Sqrrl Blog

Mar 9, 2017 8:00:00 AM

The Nuts and Bolts of Detecting DNS Tunneling

DNS-based attacks have been commonly used since the early 2000’s, but over 40% of firms still fall prey to DNS tunneling attacks. Tunneling attacks originate from uncommon vectors, so traditional automated tools like SIEMs have difficulty detecting them, but they also must be found in massive sets of DNS data, so hunting for tunneling manually can be challenging as well. So, how can we use more advanced analytic techniques to isolate these adversary behaviors? In a different publication we covered Domain Generation Algorithms and what the best sources are for detecting them. In this piece, we’ll be covering how best to sniff out malicious DNS tunneling on your network.

As we discussed in last week’s webinar, attackers can use DNS queries to send data to an external server.

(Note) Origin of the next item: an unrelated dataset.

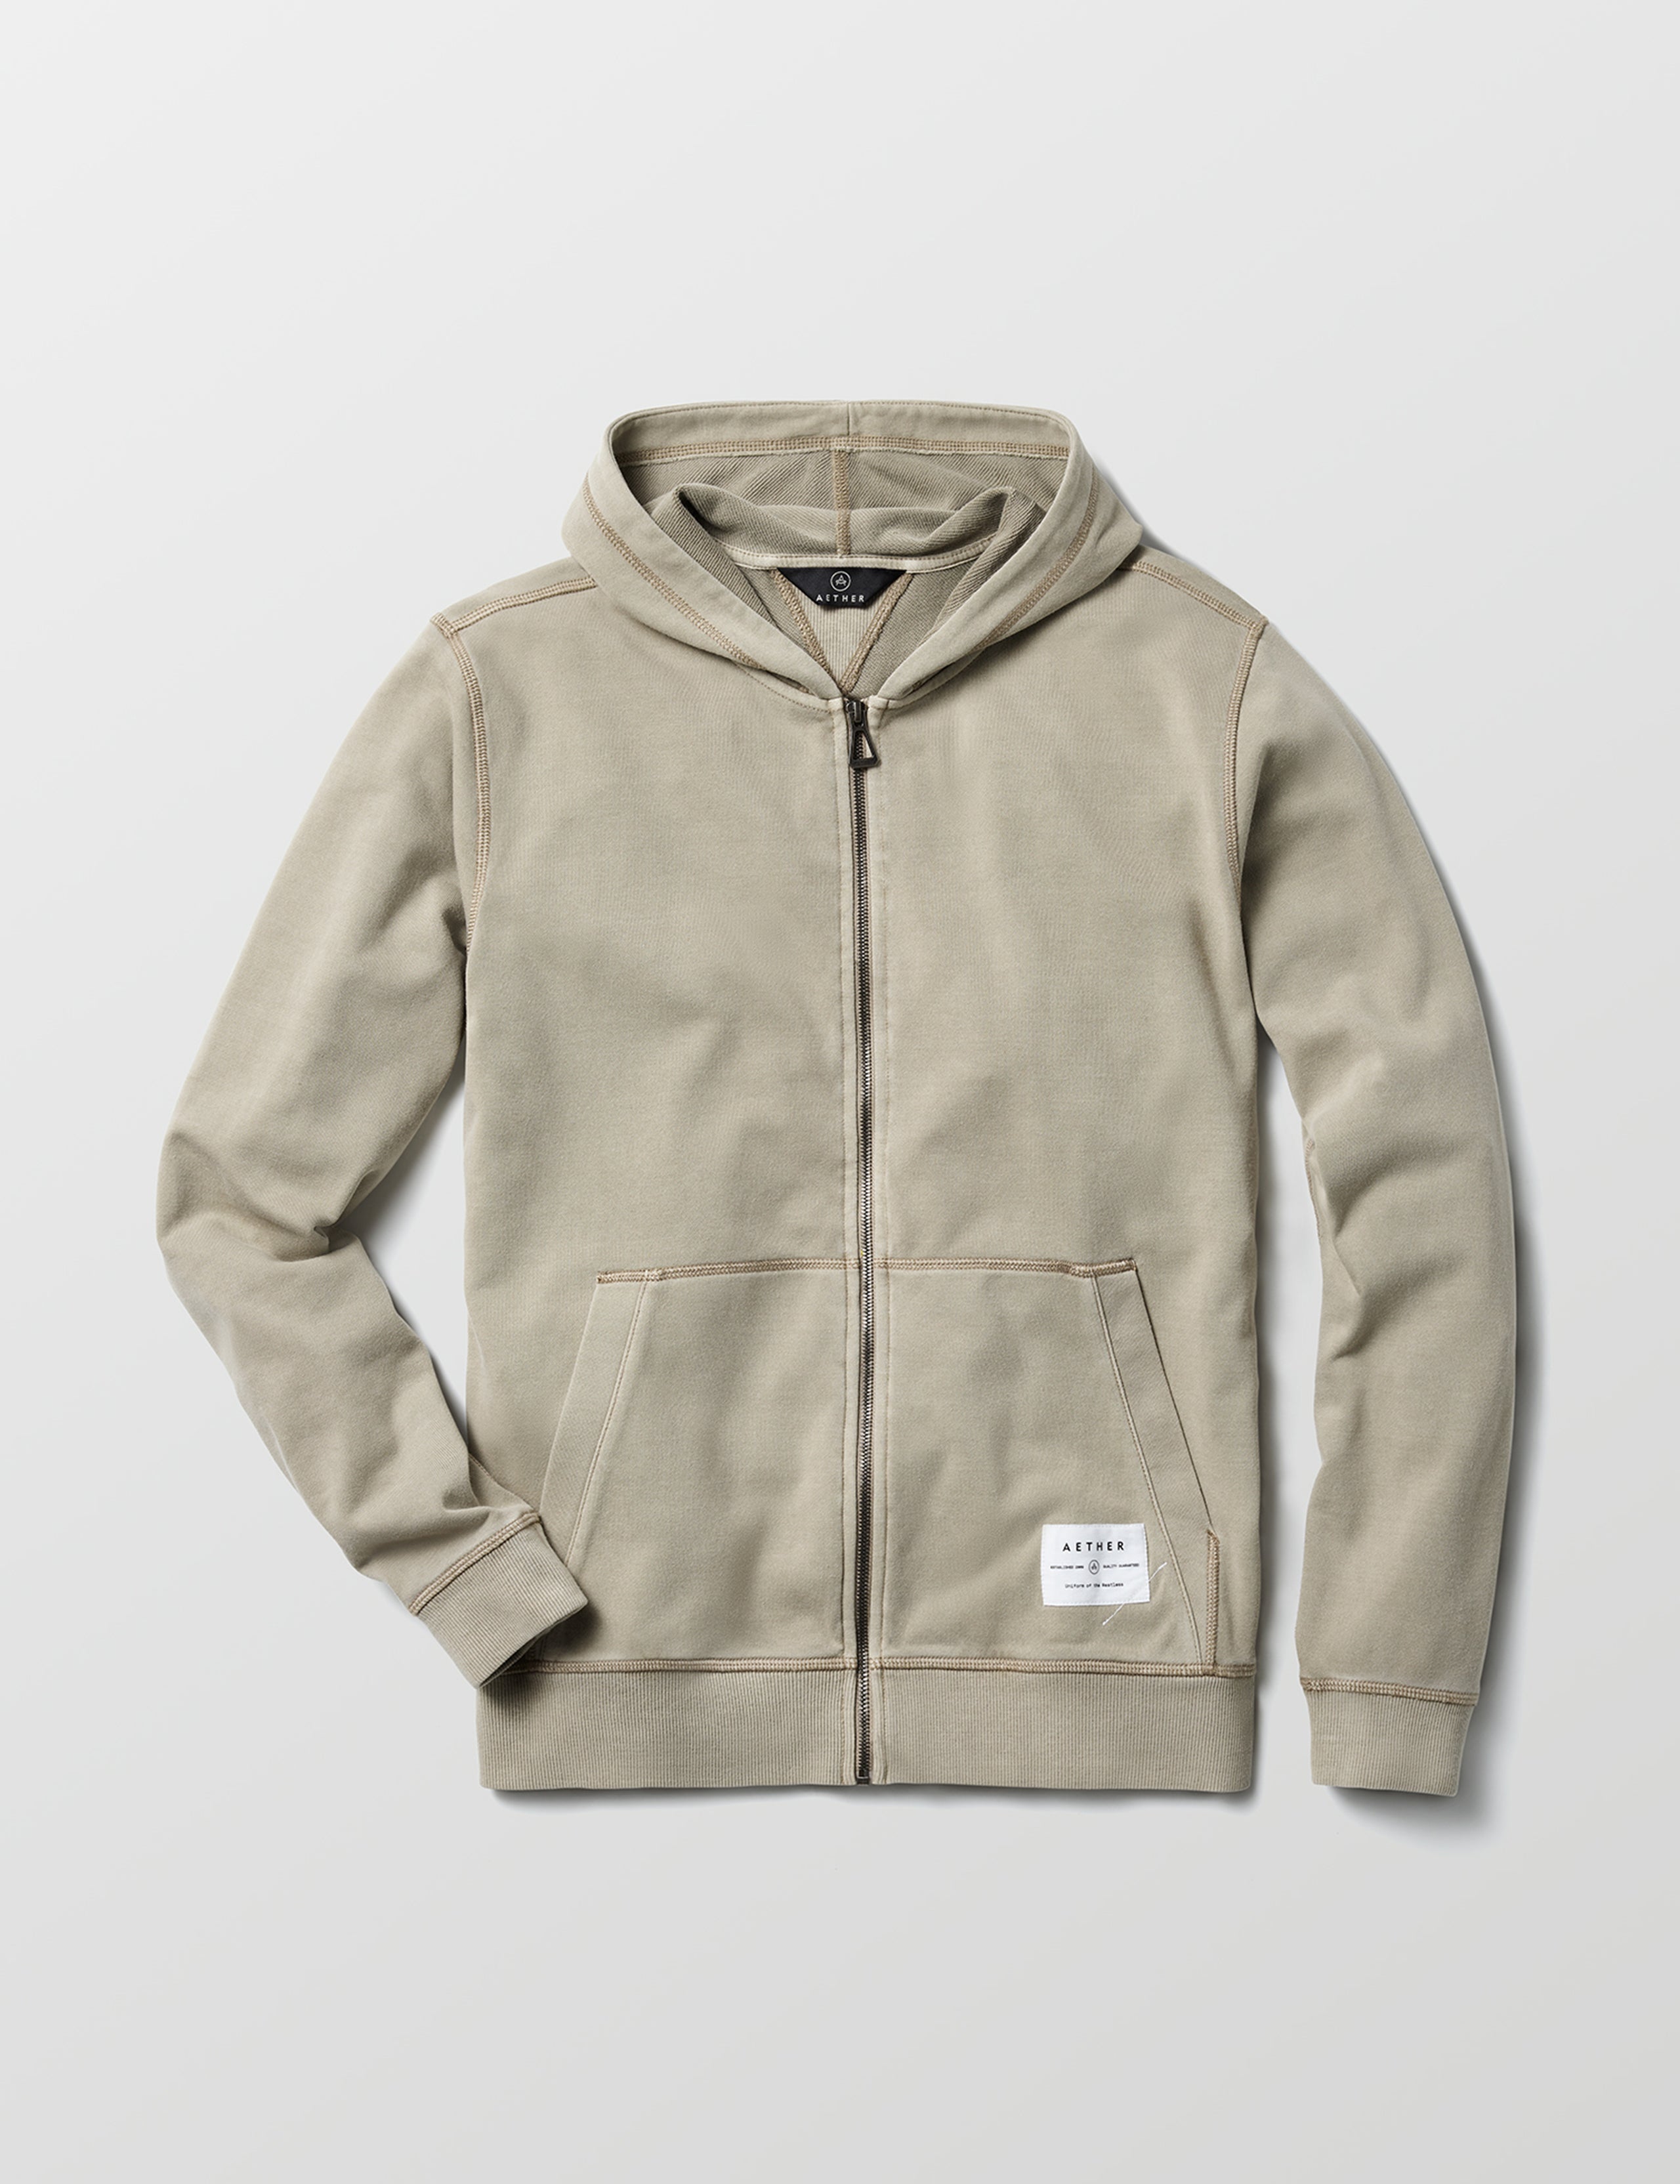 Gray full-zip hoodie from AETHER Apparel

This can be useful for both command and control or data exfiltration, since it bypasses common security measures such as firewalls and proxies. Here is where having a deep knowledge about domains that your firm commonly interacts with can be useful. Since an attacker has to use a compromised domain to exfiltrate data, you can use that knowledge to separate out suspicious domains from those that are popular and trusted. This helps to filter DNS data and make it more manageable. This data can then be collated into smaller channels, with the source IP, destination domain, and group of data being sent to the domain.

DNS tun 1.png

For each collated session, we want to ask which ones have instances of tunneling in them. This can be done a number of ways. First, you can count the number of queries that the channel is making. Exfiltration tunnels will generally produce an abnormally large amount of queries. DNS tunnels will also produce an unusually large number of unique subdomains. Be also on the lookout for the average subdomain length and the average information content of the subdomain.

DNS tun 2.png

Once you compute the features for each session, you want to classify them as either “malicious” or “normal” traffic. If we have particular examples of malware in mind, we could look for sessions that closely match the feature values we expect to get from the malware. However, we can also take a broader view that looks for any outliers from the “normal” data. This allows us to detect unknown malware and avoid overfitting to specific examples.

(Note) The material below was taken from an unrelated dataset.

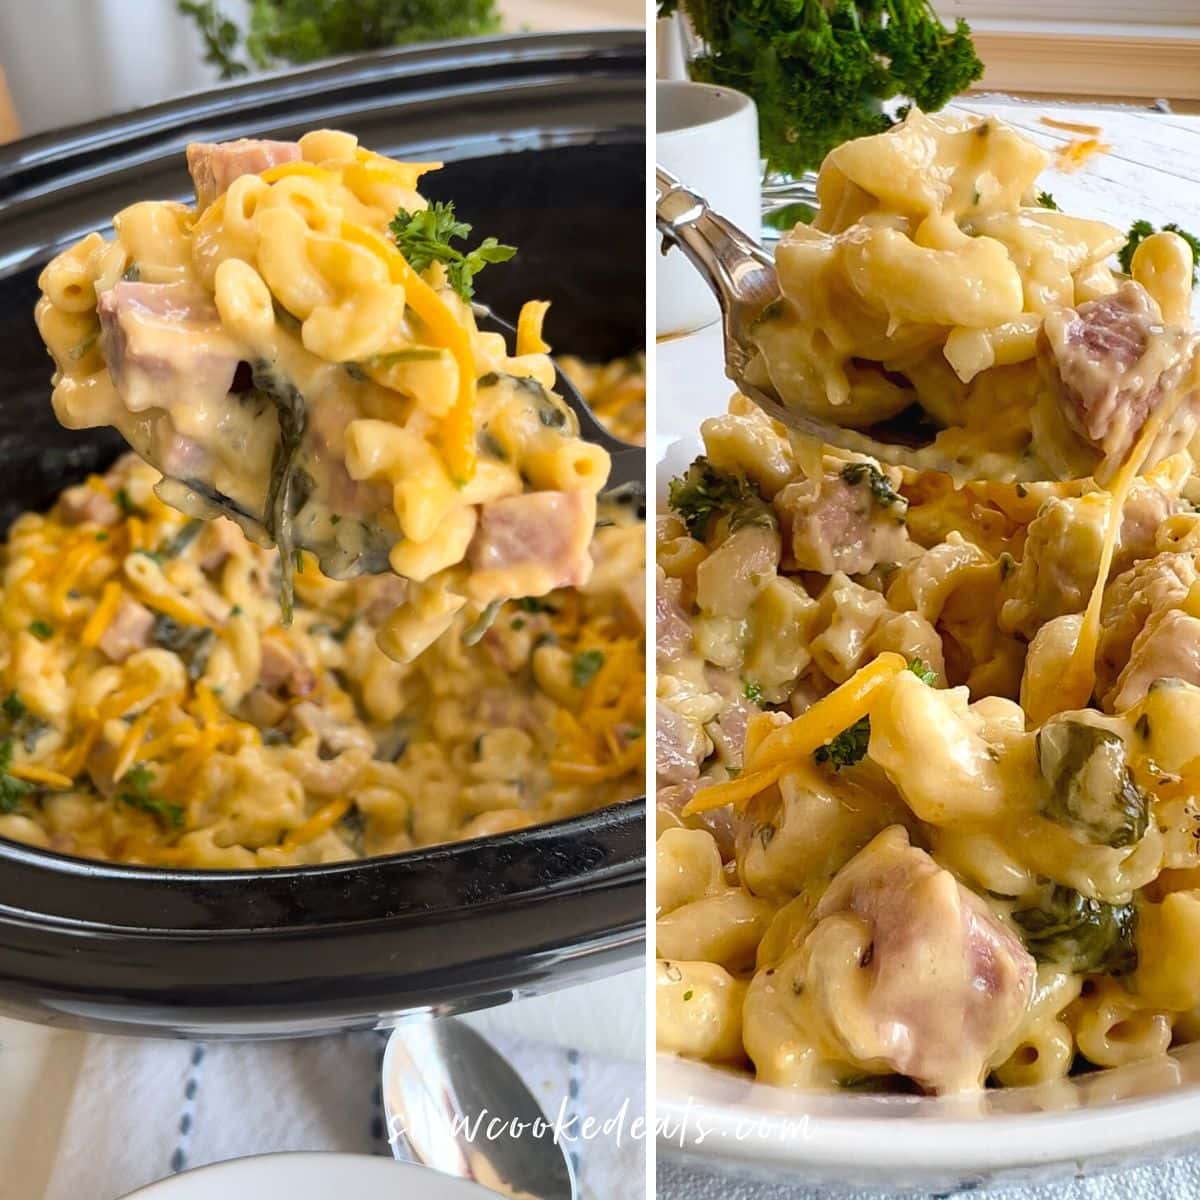 Serving the crock pot mac and cheese.

The vast majority of sessions should be normal traffic, so we can treat any significant outliers as potential malicious sessions. A number of tools can be used to do this classification and outlier detection, including scikit-learn and TensorFlow. We use a multivariate Bayesian approach that looks for outliers in multiple features. This approach takes into account the observed distribution of feature values, expected rate of attacks and observation time to find the most suspicious sessions.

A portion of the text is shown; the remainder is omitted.